25)葉が赤くなり枯れ落ちます

 学校に咲いているしだれ桜の葉がどんどん枯れ落ちてしまっていて可哀相な状態です。
 葉の先の方がぷっくりとなって、赤くなりどんどんそこから枯れて、最後には黒く小さくなって落ちてしまっています。
 アブラムシが原因なのでしょうか?虫食いしていない葉も同じように枯れていっています。
  なにぶん、古い木なので、病気になるのは仕方がないかもしれませんが、
とても綺麗に咲く枝垂れ桜なので、何とかして助けてあげたいです。よろしくお願い致します。

サクラフシアブラムシによるものです
 植物が虫やダニに寄生され、細胞が刺激を受け異常肥大して奇形になったものを虫こぶといいます。この虫こぶを桜の葉に作るものの1つに、サクラフシアブラムシがいるのです。このサクラフシアブラムシは、夏期をヨモギに移住して過ごし、秋に再び桜に戻って越冬し卵を産下します。
 まず、確認していただきたいことがあります。縁がぷっくりと赤く膨れた被害葉(茶色く枯れてしまっている葉ではだめです)をナイフ等を用いてそっと開いてみて下さい。内部にアブラムシが寄生していれば、まず間違いありません。肉眼で確認できます。
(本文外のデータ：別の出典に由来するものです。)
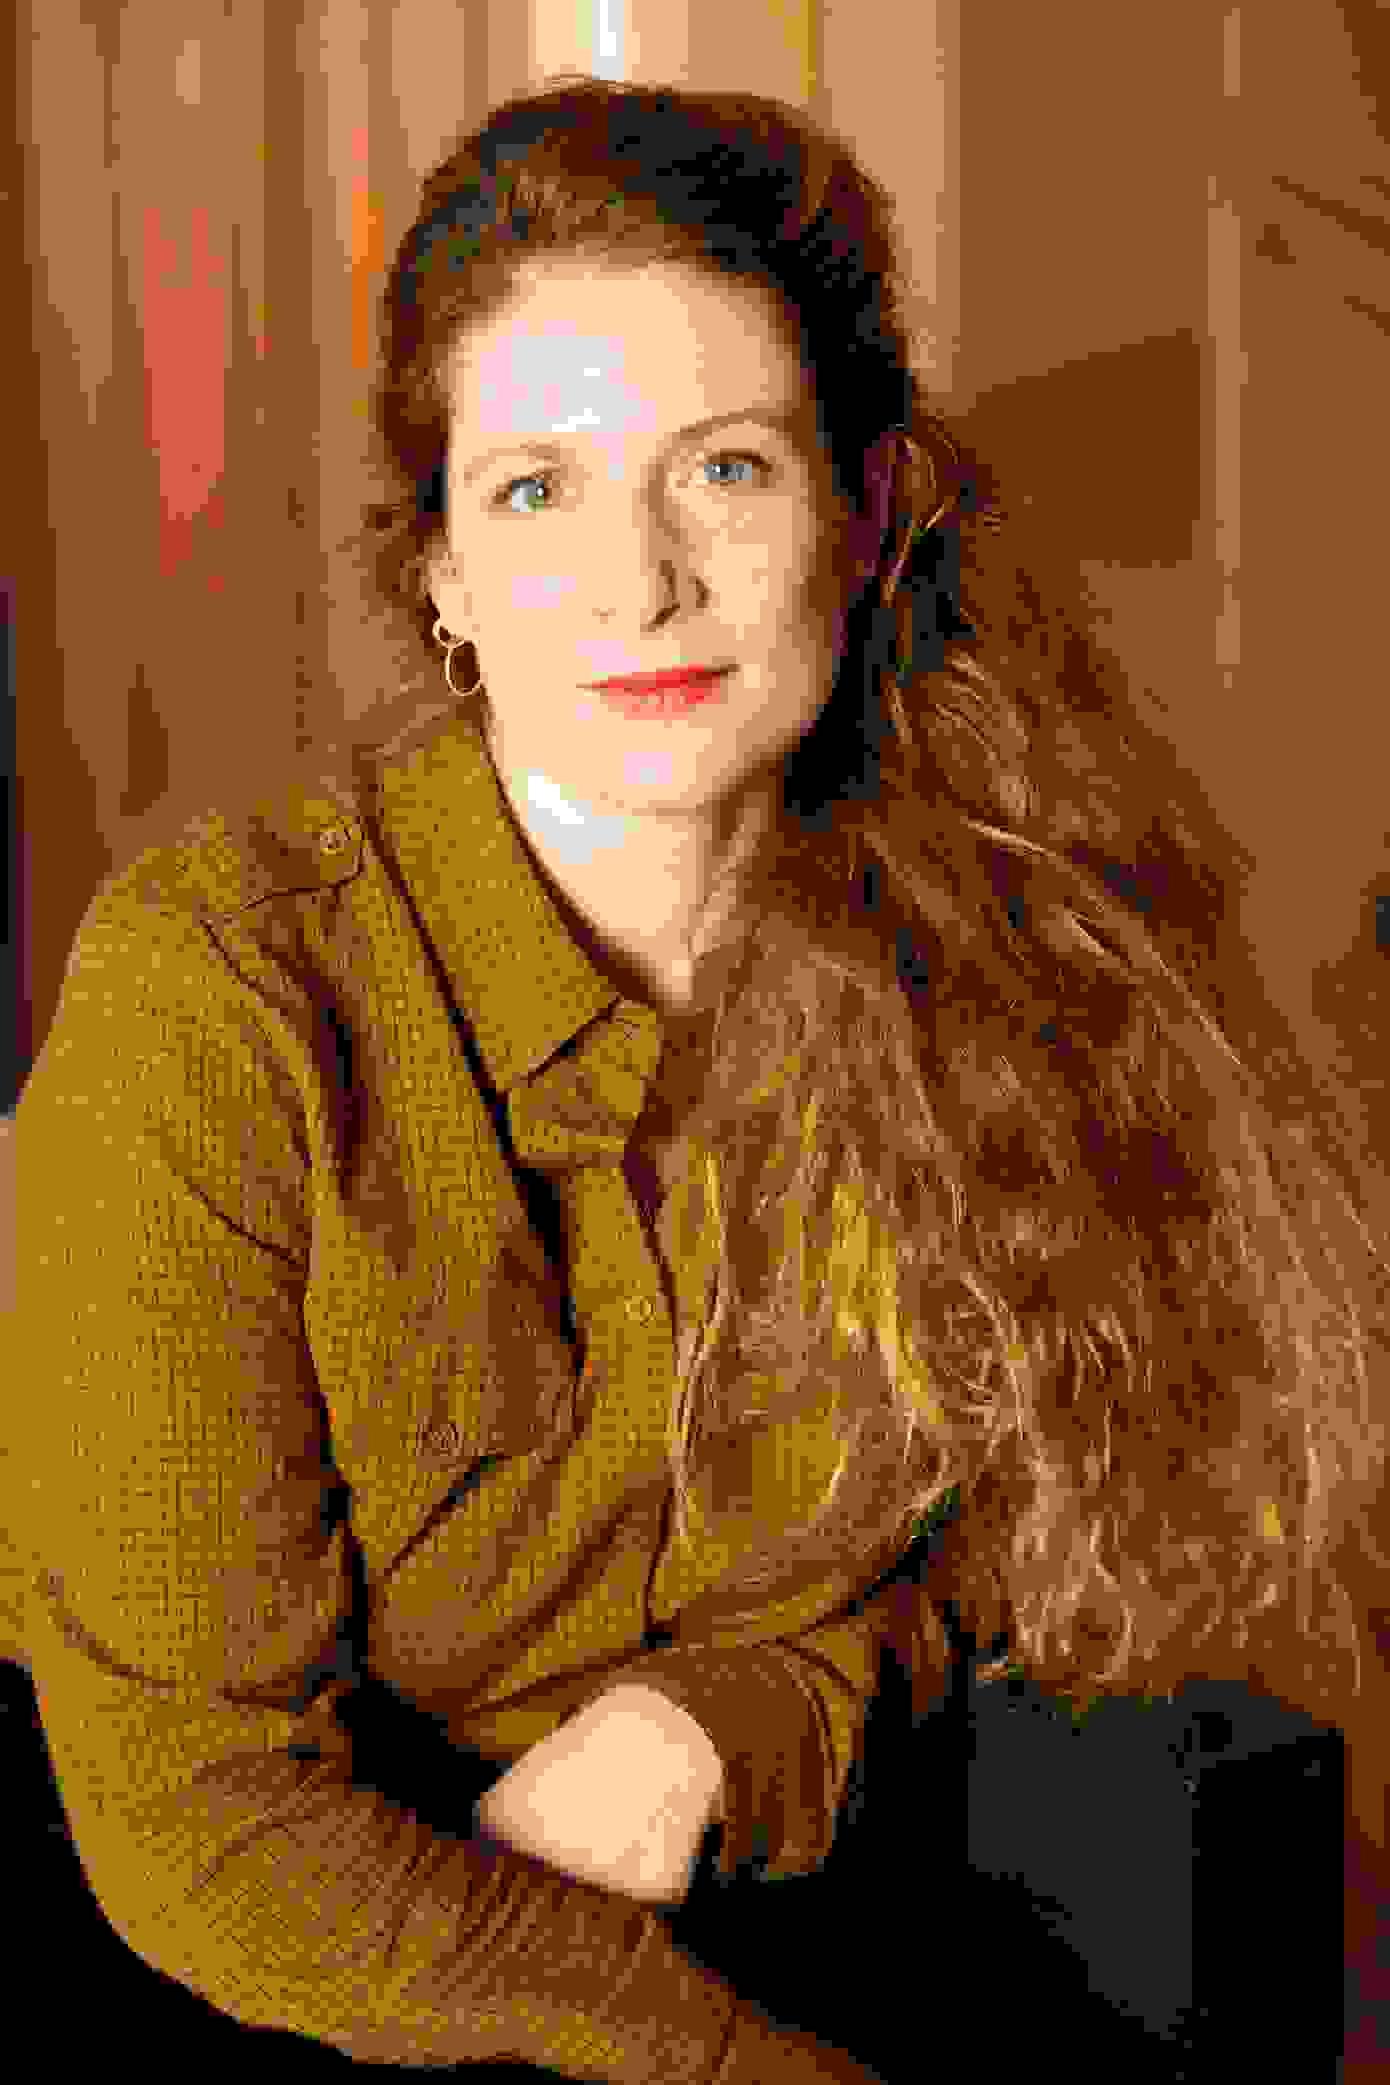 Adélaïde Bon: A Witch in Time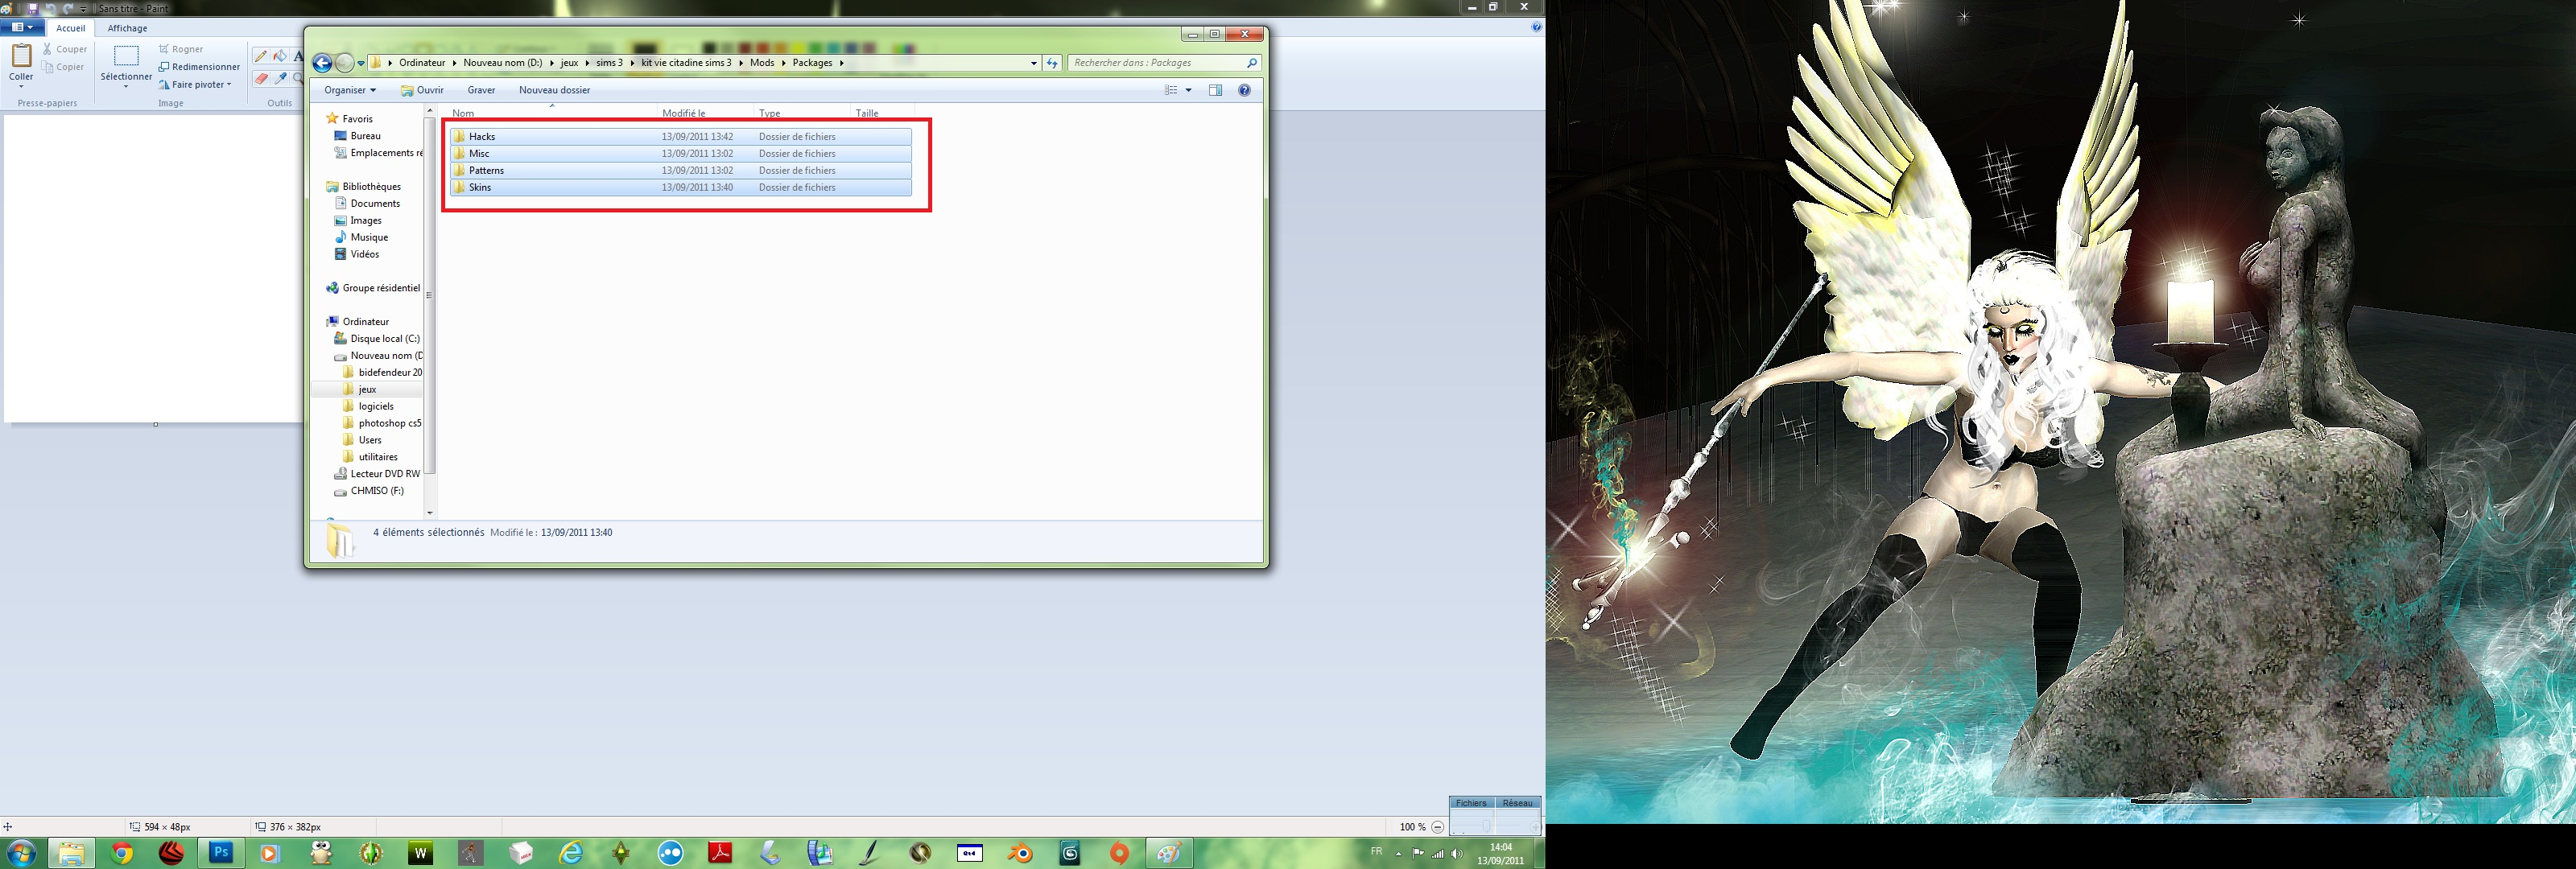 Le OMSP (One More Slot Package) ne fonctionne pas.  - Page 2 837109567

 その際の駆除方法です。既にアブラムシが虫こぶ内に生息しているので、効果が低下しやすく注意が必要です。被害が一部の場合は、被害部の枝を剪定し消却処分、または少し大変な作業ですが被害のある葉を除去し同じく消却処分します。
 被害が全体に及んでいる場合は、浸透性薬剤のエストック乳剤1500倍またはオルトラン水和剤1000倍を散布して下さい。併用して、オルトラン顆粒を根元にまくと効果的です。
 なお、夏期はヨモギを宿主にするので、桜の周囲を除草する必要があります。また風通しが悪いとアブラムシが発生する原因となるので、落葉後に不要な枝を剪定して下さい。